In the afterword to her memoir, Ginzburg declares her fantasy of rescue has been realized: “All that this book describes is over and done,” she begins; after all, she and a few others have lived to see Stalin denounced during the Khrushchev thaw. She describes the era of her memoir as “the time of the cult of personality” in Russia—as if there are not other cults, as if she didn’t herself, as Morson points out—support the cult of Lenin. 

The idea that all iniquity is in the past, the willed belief in a bright present and ever-brighter future, helps her bat away regrets, as well as such questions as why the Supreme Good ensured her survival but not her friends’ (whose deaths she movingly depicts). Toward the end of his presentation, Morson read aloud Ginzburg’s summing-up of her thoughts on the Bolsheviks: “All I had—the thousands of books I had read, the memories of my youth . . . I owe to the revolution.” 

Morson asked, “Does she really think she could not have read those books under the Mensheviks?” Perhaps she couldn’t allow herself to imagine that; not every imagined possibility is survivable. Similarly, to hear the phrase “Evil Empire” in the 1990s, one had only to ask a Soviet immigrant if he had any regrets about leaving: A fiercely anti-nostalgic reaction staved off wonderings about what might have been, had we stayed. 

Ginzburg’s doublethink also helps her retain a capacity to love. Her counterperceptual belief in a guiding force for good allows her to believe in the goodness of others. She pours love into whatever vessels are available, whether “worthy” or not, and, most often, she has neither time nor inclination to delve into the question of worthiness. She thinks kindly of, and smiles affectionately at, the young guards at her sentencing (“What nice faces”); she wonders how she will ever be able to live without the company of a woman doctor she briefly meets in a prison shower; she and her cellmate Julia become like sisters. She keeps in practice with the human emotions of affection and trust, even though she finds herself trapped in the era when “the prisoner’s destruction became the object of the operation.” 

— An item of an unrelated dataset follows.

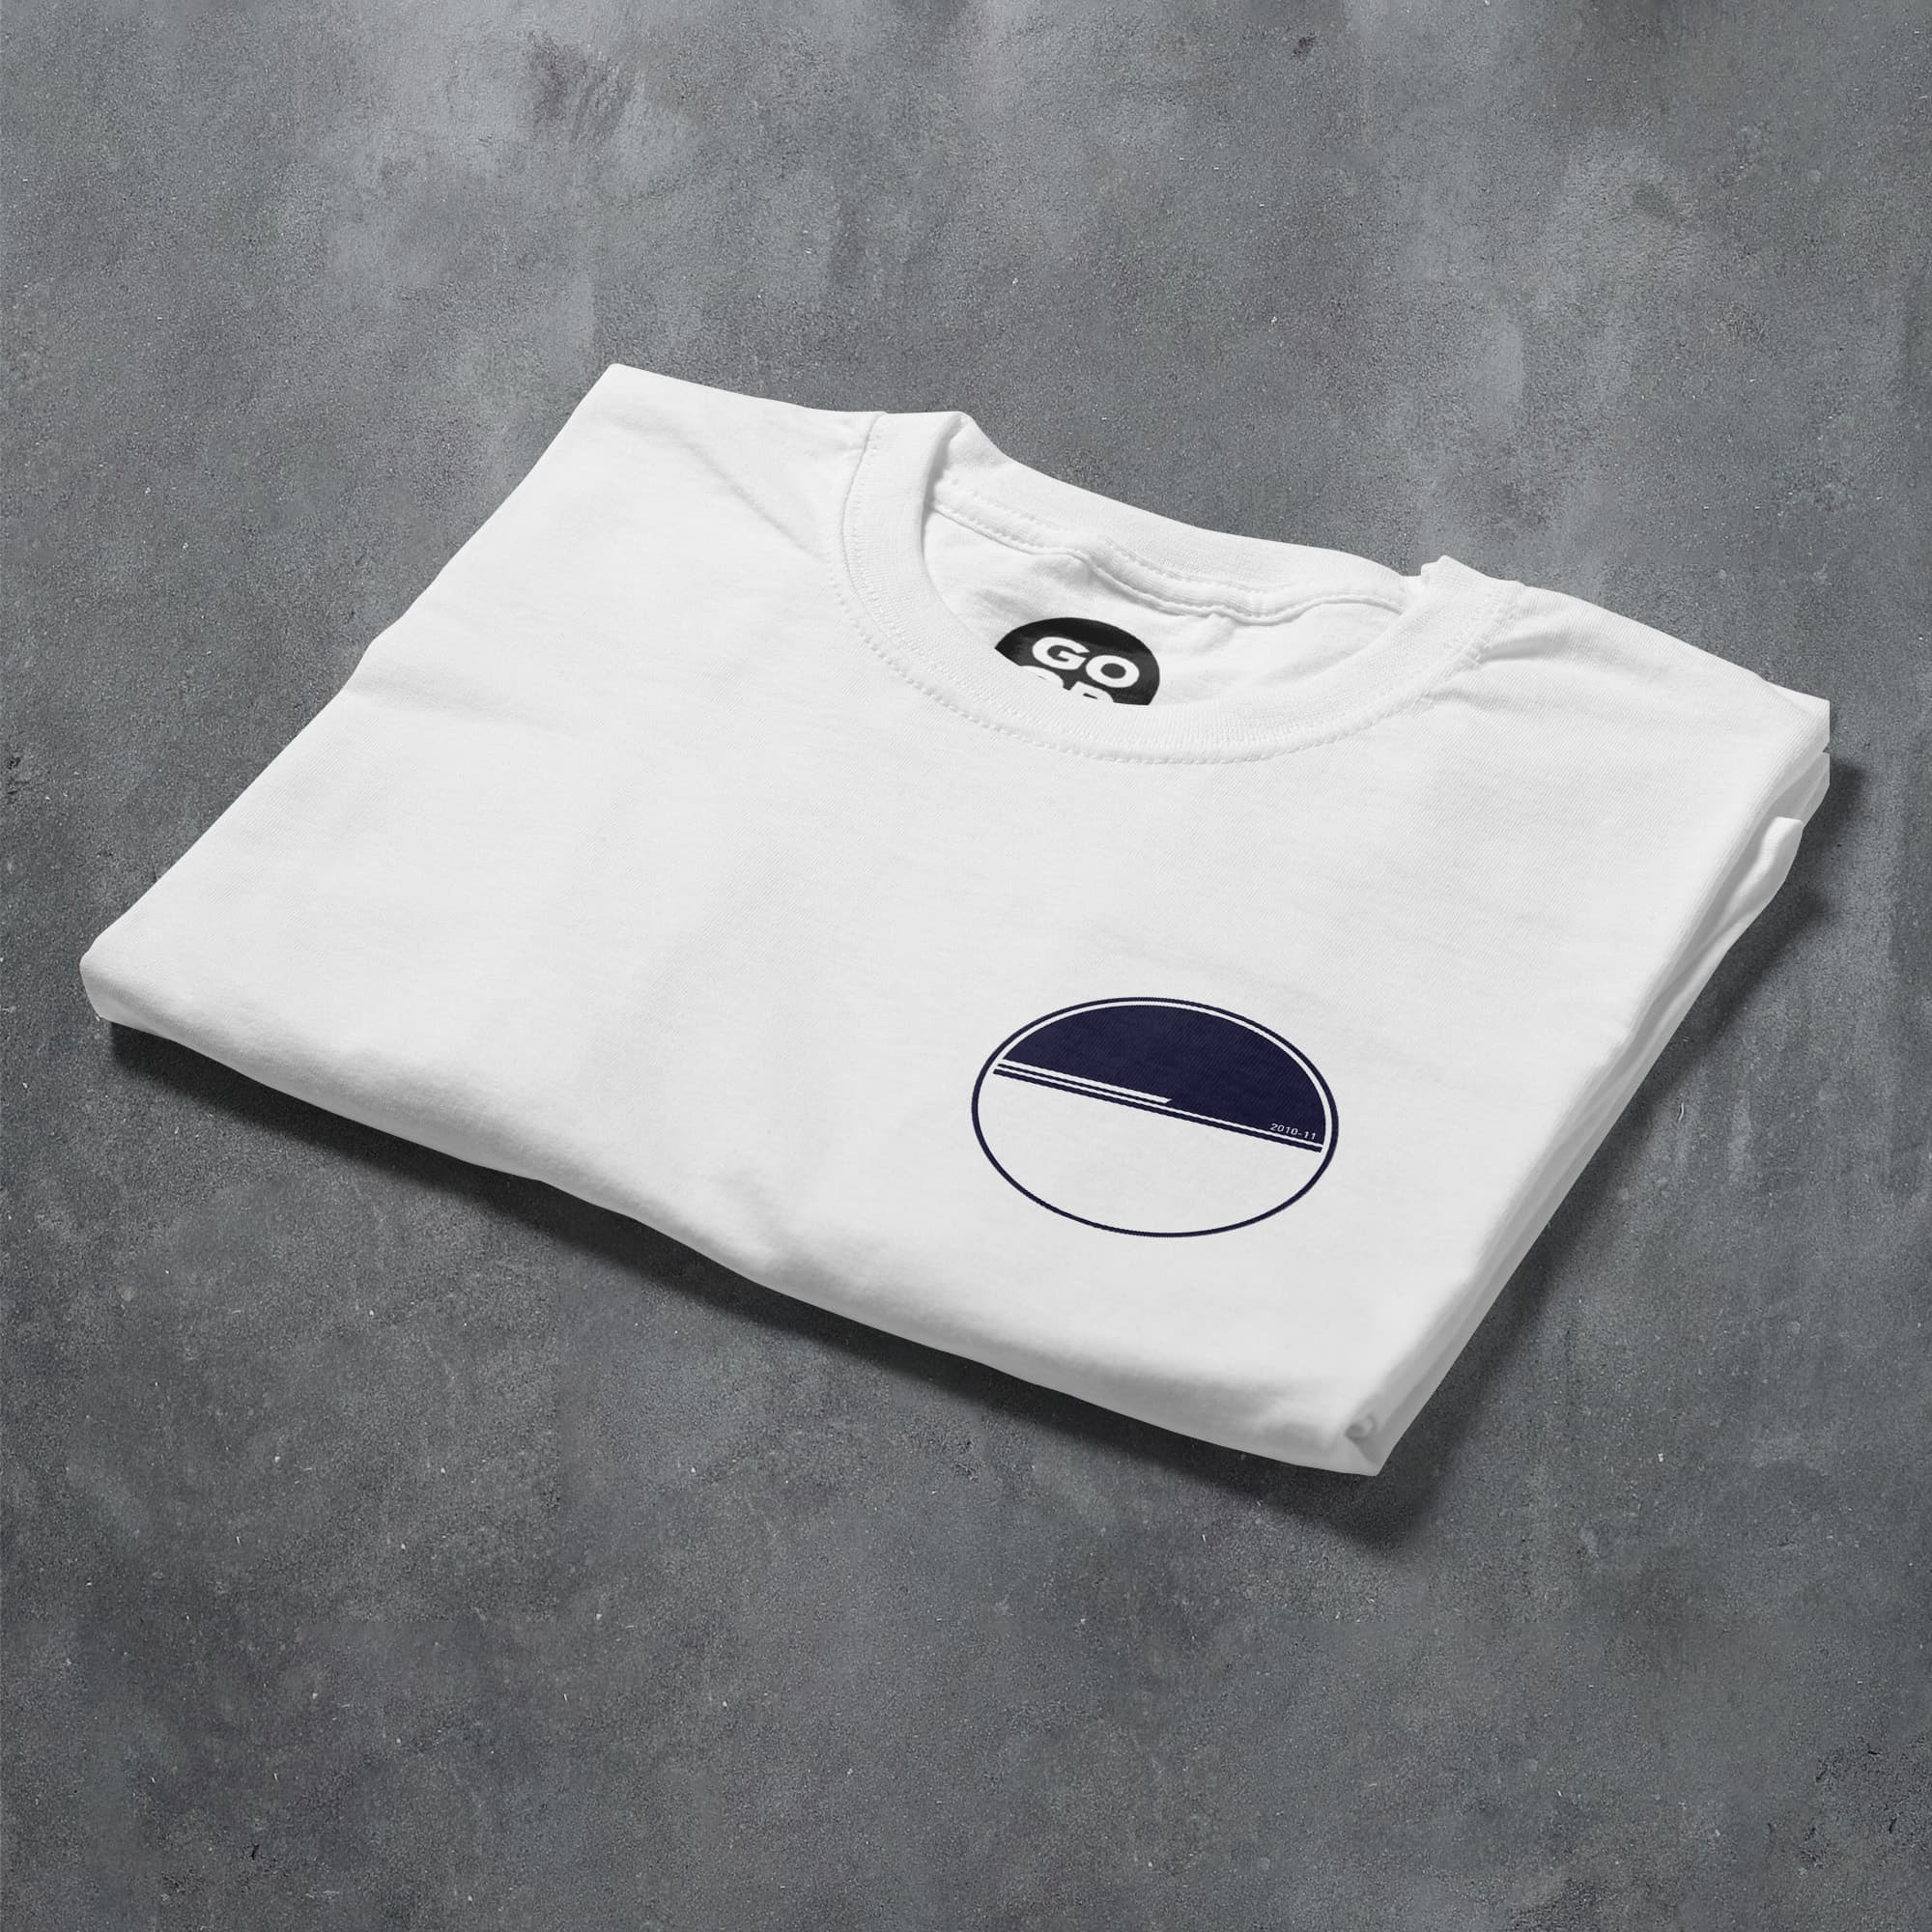 a white t - shirt with a blue circle on it

After prison, Ginzburg remarried another former prisoner and adopted an orphan girl. Her belief in an ultimate benevolence, driven as it was by doublethink, allowed her to build a family, despite the horrifying knowledge that her former family had been scattered and her eldest son had died of starvation. Her enduring capacity for love and trust extends to us, her readers. She believes we will understand her story, that we will emphasize with her (like the guard to whom she cried about her innocence early in her arrest, and who, against all odds, offered reassurance and care).

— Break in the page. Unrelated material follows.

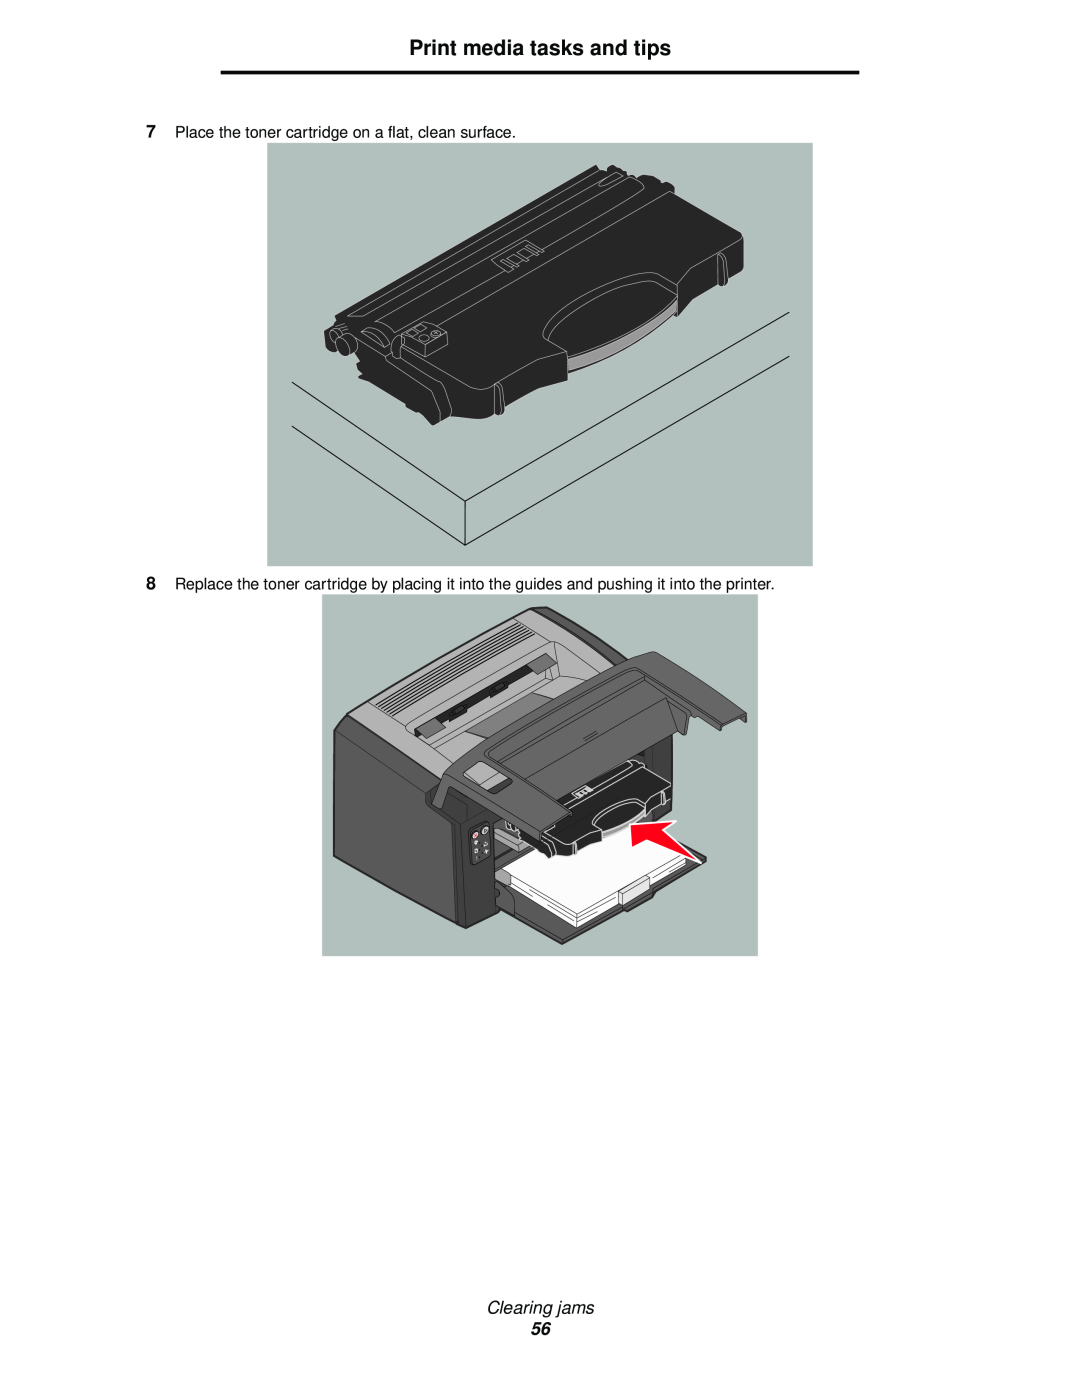 Lexmark 120 manual Print media tasks and tips, Clearing jams, Place the toner cartridge on a flat, clean surface

When we discuss the Soviet era, people in my family will sometimes say, “It could have been worse.” This refrain has in it some self-protective doublethink, but, also, I believe, some truth. We could have been worse. We ought not conflate Ginzburg’s doubling with erasure of the self; we ought not to consider this distinction purely semantic. 

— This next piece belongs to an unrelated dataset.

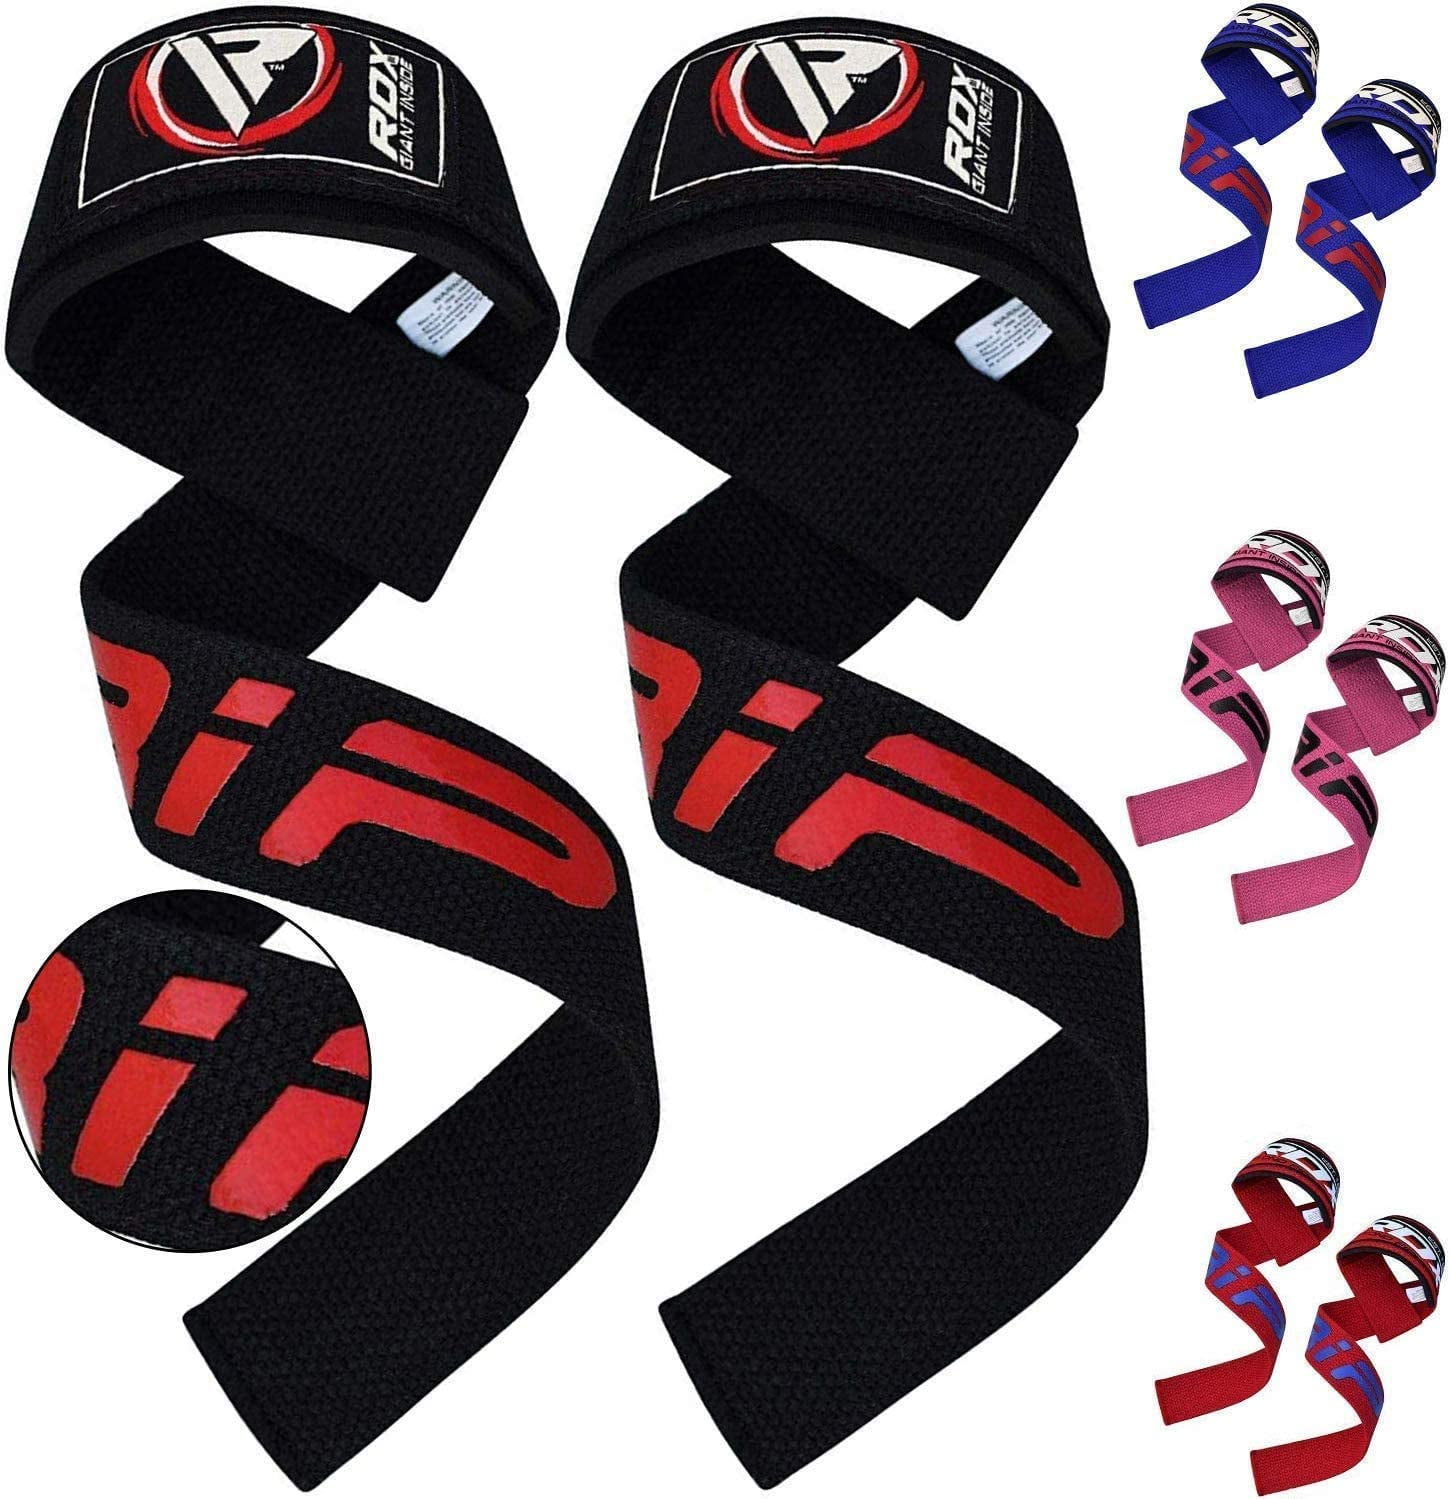 EVO Weight lifting Hook Gym Straps wrist Support Wraps grips Bodybuilding Gear

Early in the memoir, when the Terror is just beginning, Ginzburg’s mother-in-law says, “It’s happened before,” recalling to Ginzburg King Solomon’s words, “This too shall pass.” Is Ginzburg willfully mishearing, doublethinking her way to some hope? Or, has she understood correctly? 

Yes, she believed in “Leninism”: She could not bring herself to let go of the only permitted source of belief in benevolence. But she still produced a record that includes a great deal of truth. As Morson pointed out, a doubled conscience destroys one’s integrity. But it also leaves an honest part of the soul intact. That is why Ginzburg was able to witness and lament the blindness of her fellow prisoners even as she suffered from the same affliction. Ginzburg lived to tell her tale, leaving it to others to learn from it and, perhaps, to judge.